Given Putin’s invented reasons for war (genocide in eastern Ukraine, neo-Nazi government in Kyiv), facts may be secondary if Russia really wants to see a pretext for using nuclear weapons. Russia’s atomic arsenal is controlled by three nuclear suitcases: One is with the president, one with the defense minister, and one with the Chief of Staff.
Anyone who wants to launch a Russian nuclear strike must have two of these three suitcases in his possession. Russian Defense Minister Shoygu is considered a devoted confidant of Putin.
In the port of Kaliningrad
One thing is certain: Russia, which was insulted as a “regional power” by then U.S. President Barack Obama a few years back, is the largest nuclear power in the world. The country possesses some 6,250 nuclear warheads, according to the latest figures from the Stockholm International Peace Research Institute (SIPRI). That’s slightly more than the U.S. arsenal, and nearly half of the roughly 13,000 such weapons worldwide. Some of these are discarded warheads, but about 4,500 are deployable. An estimated 1,600 of them are ready to be launched or dropped at present — on missiles, from submarines or by aircraft. Another 2,900 are stored in central warehouses.

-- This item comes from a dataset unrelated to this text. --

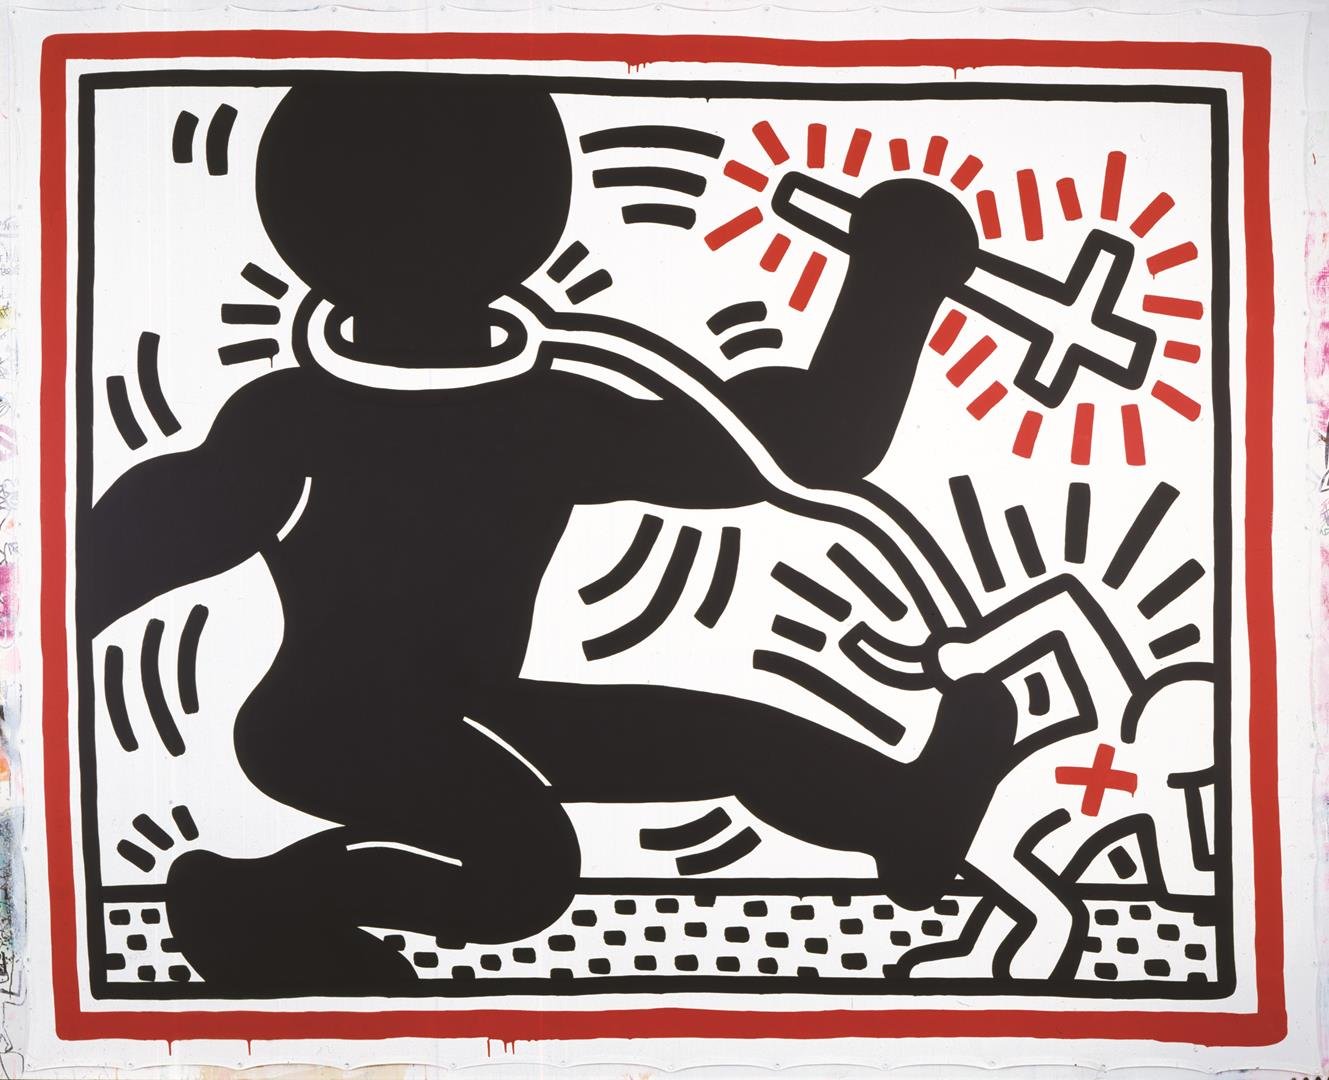 04_Keith Haring_Untitled_1984©Keith Haring Foundation-LR.jpg

During the height of the Cold War, the United States and the Soviet Union had even more nuclear warheads. Then in the 1980s, with the policy of détente, came disarmament talks. In the process, limits were agreed upon for several types of weapons. Crucial for Europe was the INF Treaty concluded in 1987, which provided for a complete ban on medium-range nuclear missiles with a range of between 500 and 5,000 kilometers.
The first treaty to scrap an entire category of weapons significantly reduced the threat to Europe, as Russian medium-range missiles had previously been aimed directly at Europe. However, according to Western intelligence, Putin secretly developed medium-range missiles over the past decade, with the so-called SSC-8 missiles having a range that could reach any target in Germany.
Nuclear danger 200 meters away
In response to the clandestine rearmament, former U.S. President Donald Trump terminated the INF Treaty. It has been out of force since Aug. 2, 2019. Russia admitted the existence of the new missile but denied that they violate the INF Treaty. It said the U.S. had withdrawn from the treaty without cause.
Poland has long been much more aware of the danger.
Putin does not even have to hide the nuclear-tipped missiles in Kaliningrad. They have a maximum range of 500 kilometers and were therefore not covered by the INF Treaty — but are stationed close enough to Europe to reach as far as Germany.
Poland has long been much more aware of the danger, especially near the border with Kaliningrad. If you drive from Gołdap in Poland even further towards Kaliningrad, you come to village of Mażucie. From here, the border to the Russian exclave is visible, just 200 meters away.
A barrier chain and a sign warn against entering the unpaved access road to the border. Michal Fiedorov, 28, has always lived in Mażucie. “Putin is capable of anything,” he says. If the Russians came, he would immediately join the fight and defend his homeland.